TASK DIRECTIONS:
Omit the images, then repeat the listing exactly.
*** THE DATA Section Begins ***
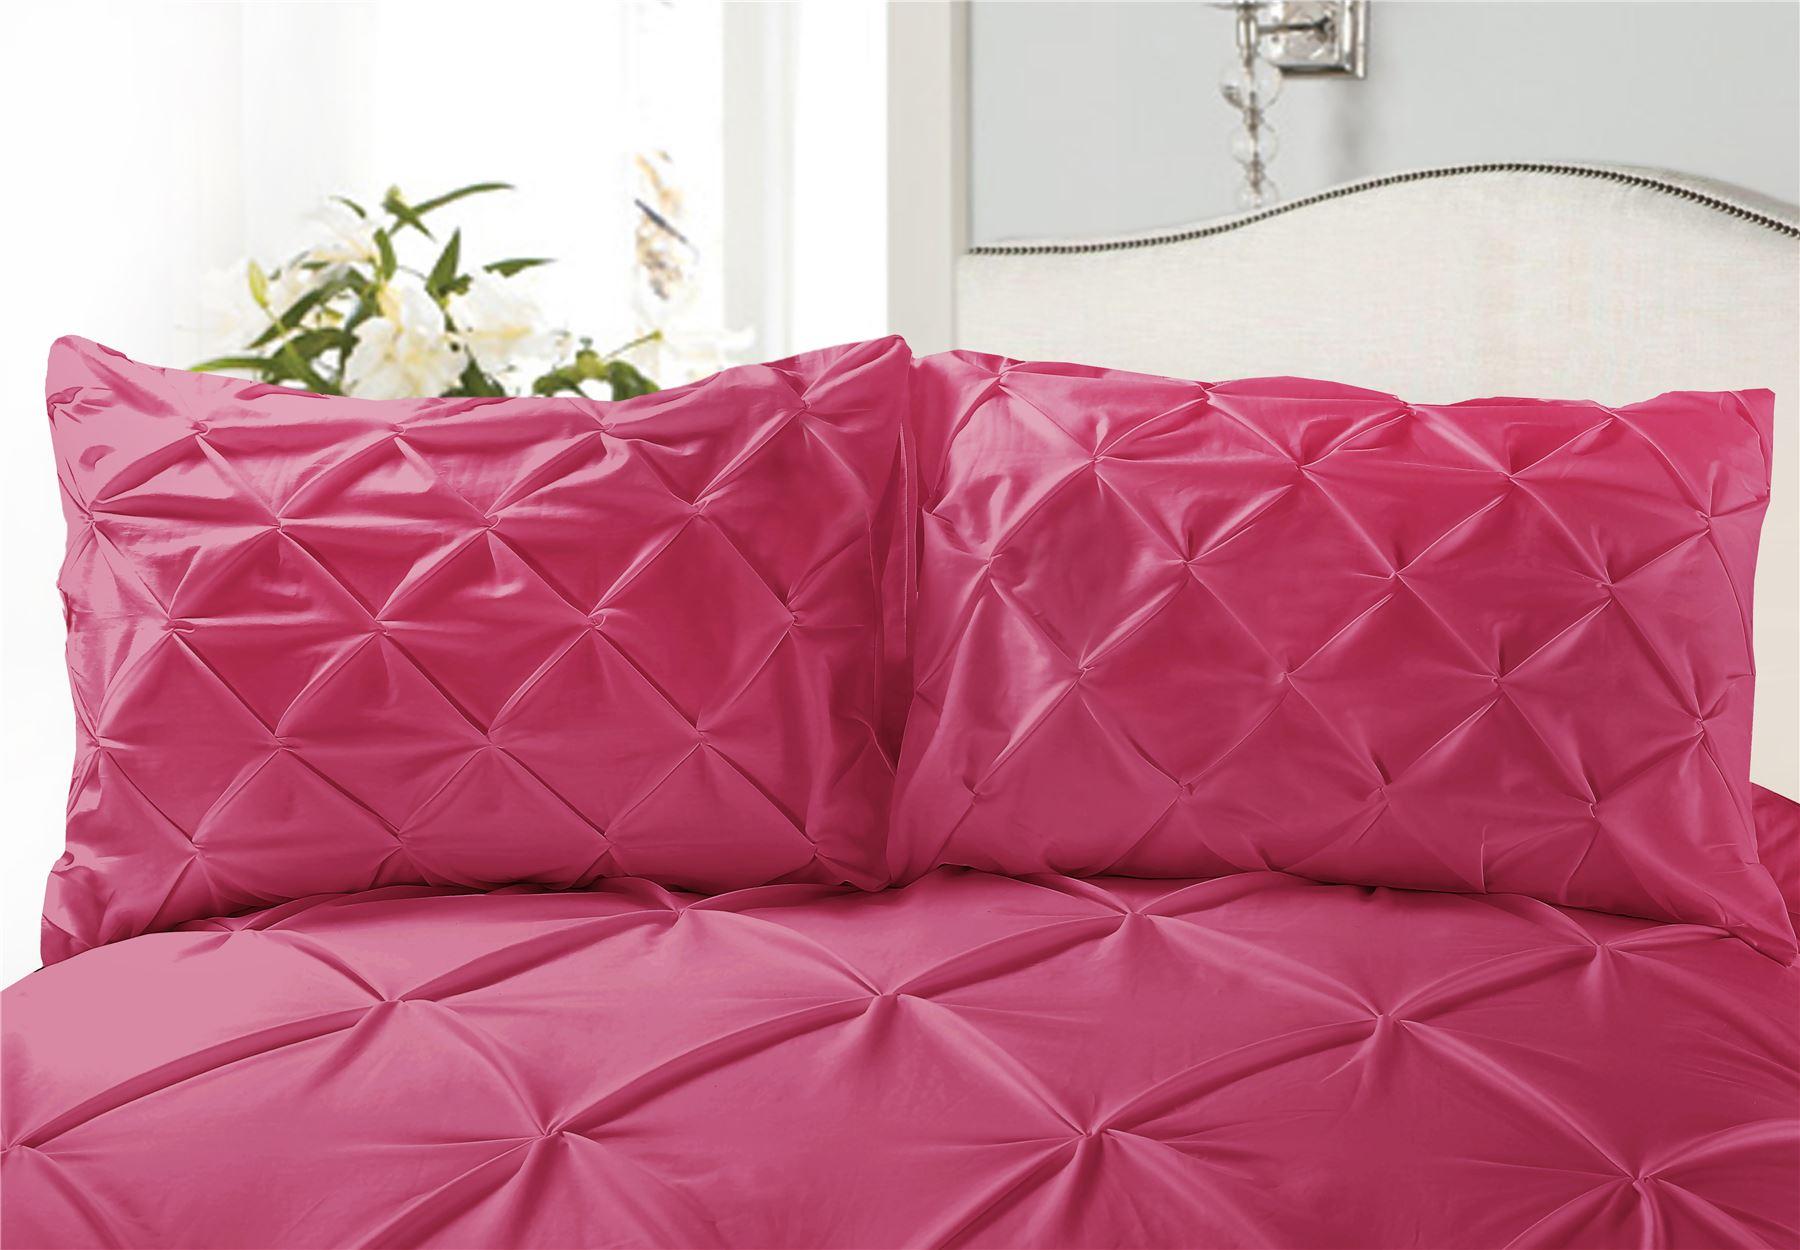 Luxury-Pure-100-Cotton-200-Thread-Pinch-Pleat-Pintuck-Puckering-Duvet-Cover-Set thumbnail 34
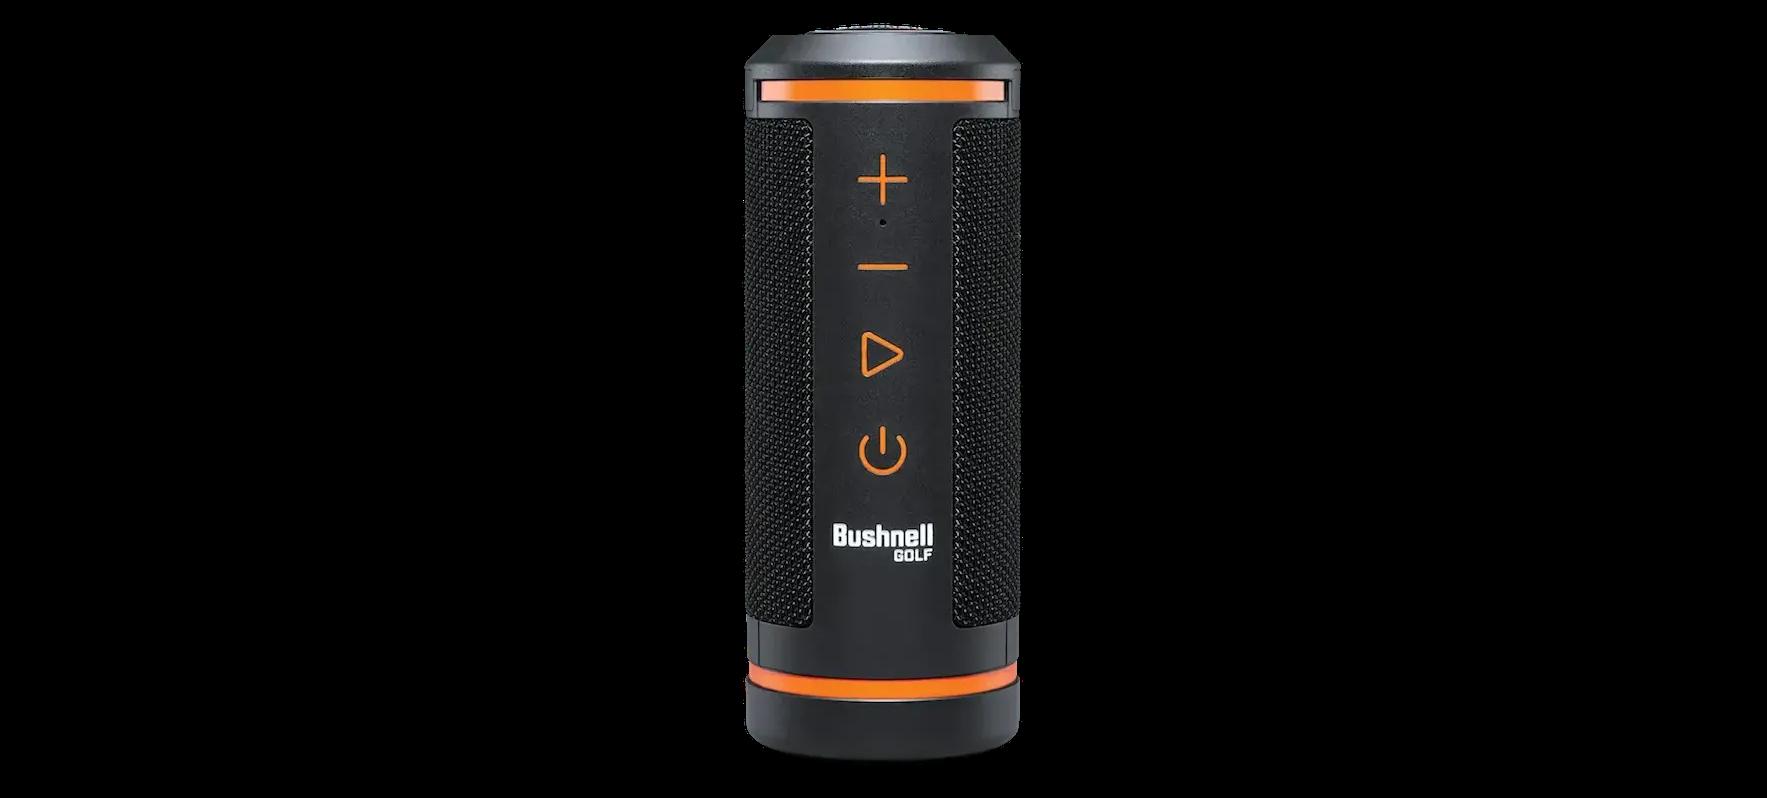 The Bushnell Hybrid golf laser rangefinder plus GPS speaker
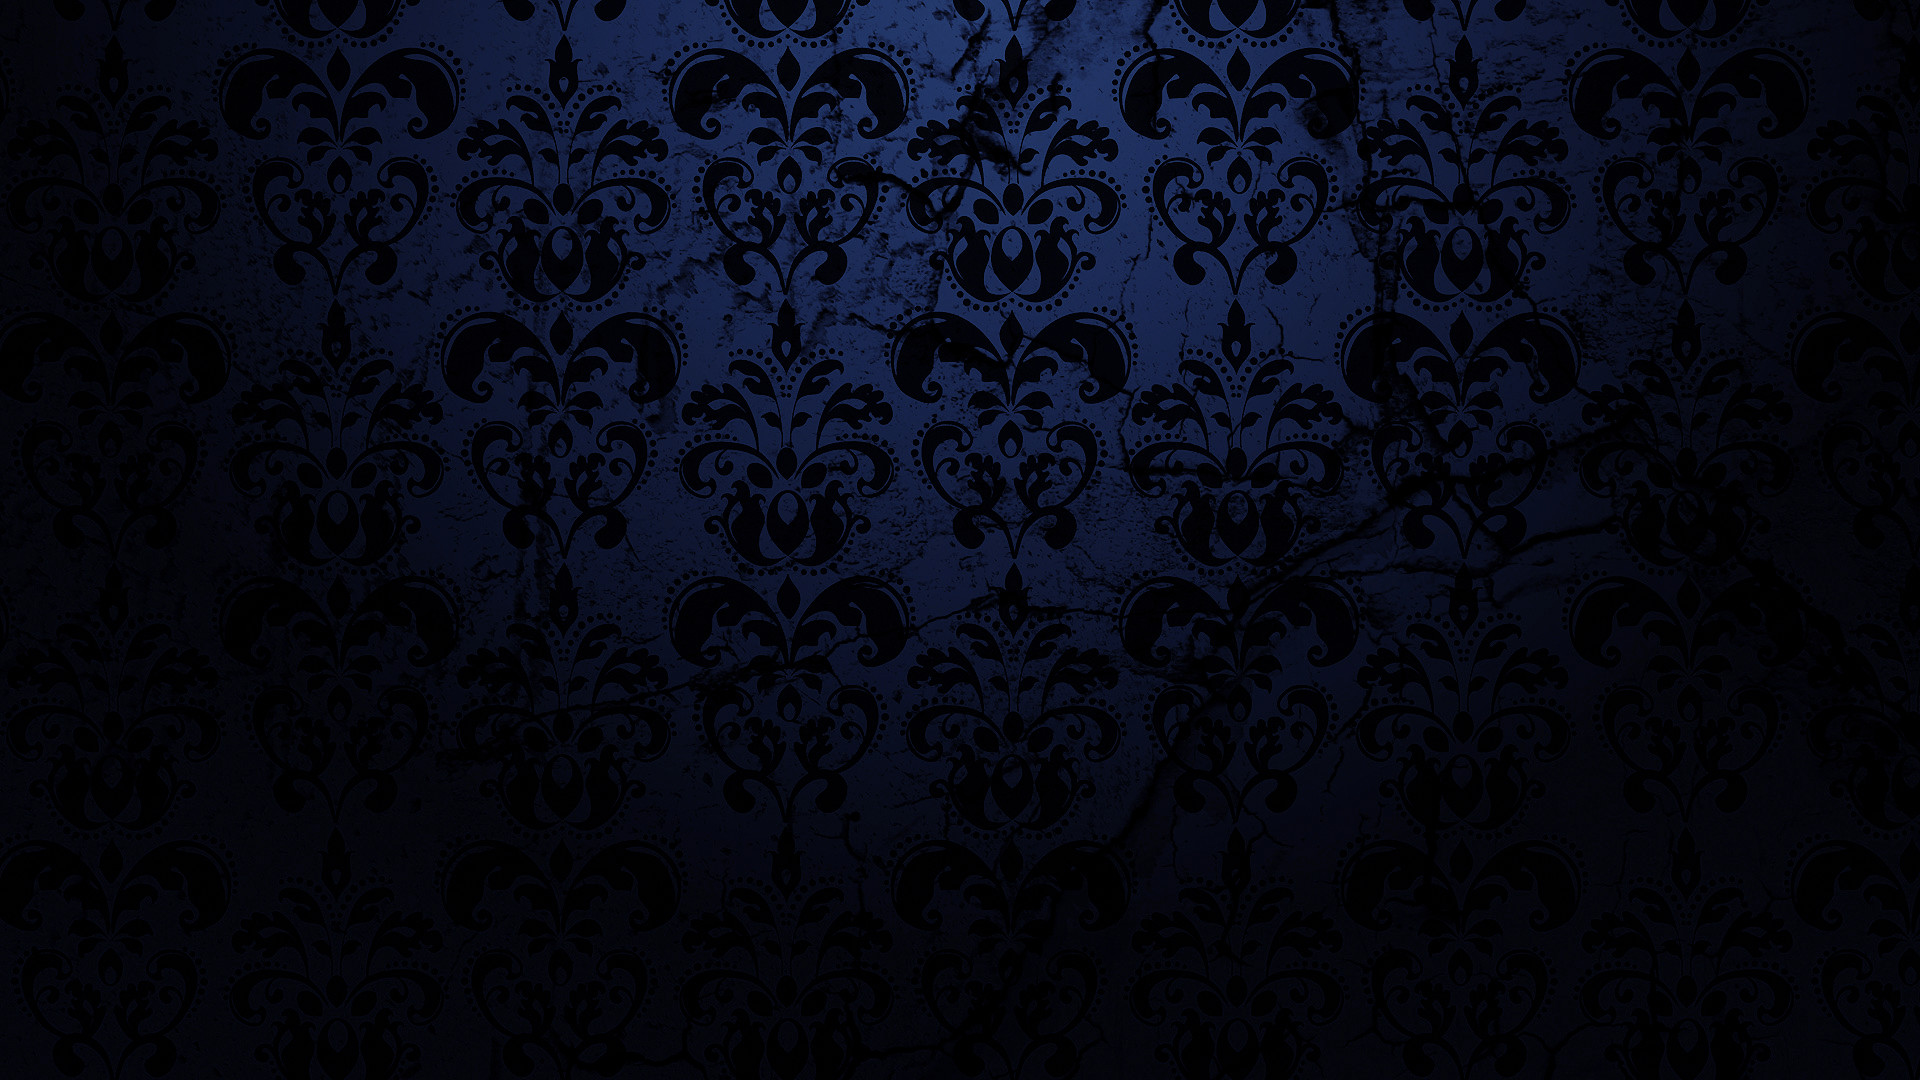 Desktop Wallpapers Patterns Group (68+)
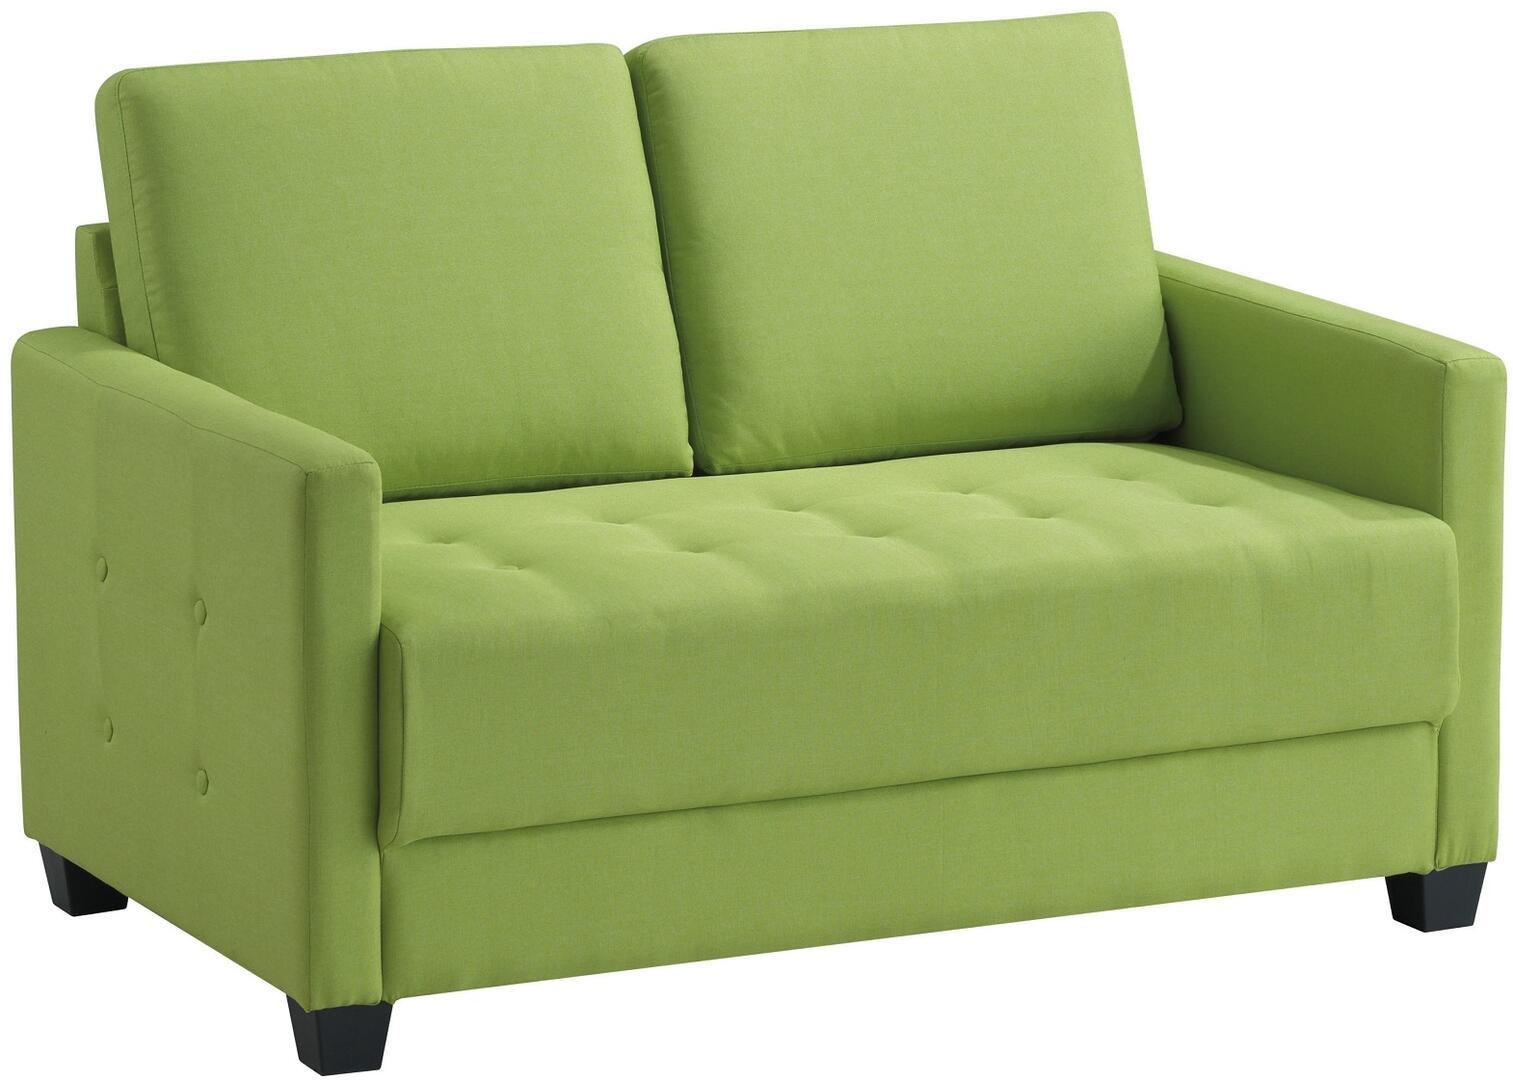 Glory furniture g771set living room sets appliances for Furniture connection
*** THE DATA Section Ends ***
ANSWER SPACE:
 Luxury-Pure-100-Cotton-200-Thread-Pinch-Pleat-Pintuck-Puckering-Duvet-Cover-Set thumbnail 34
 The Bushnell Hybrid golf laser rangefinder plus GPS speaker
 Desktop Wallpapers Patterns Group (68+)
 Glory furniture g771set living room sets appliances for Furniture connection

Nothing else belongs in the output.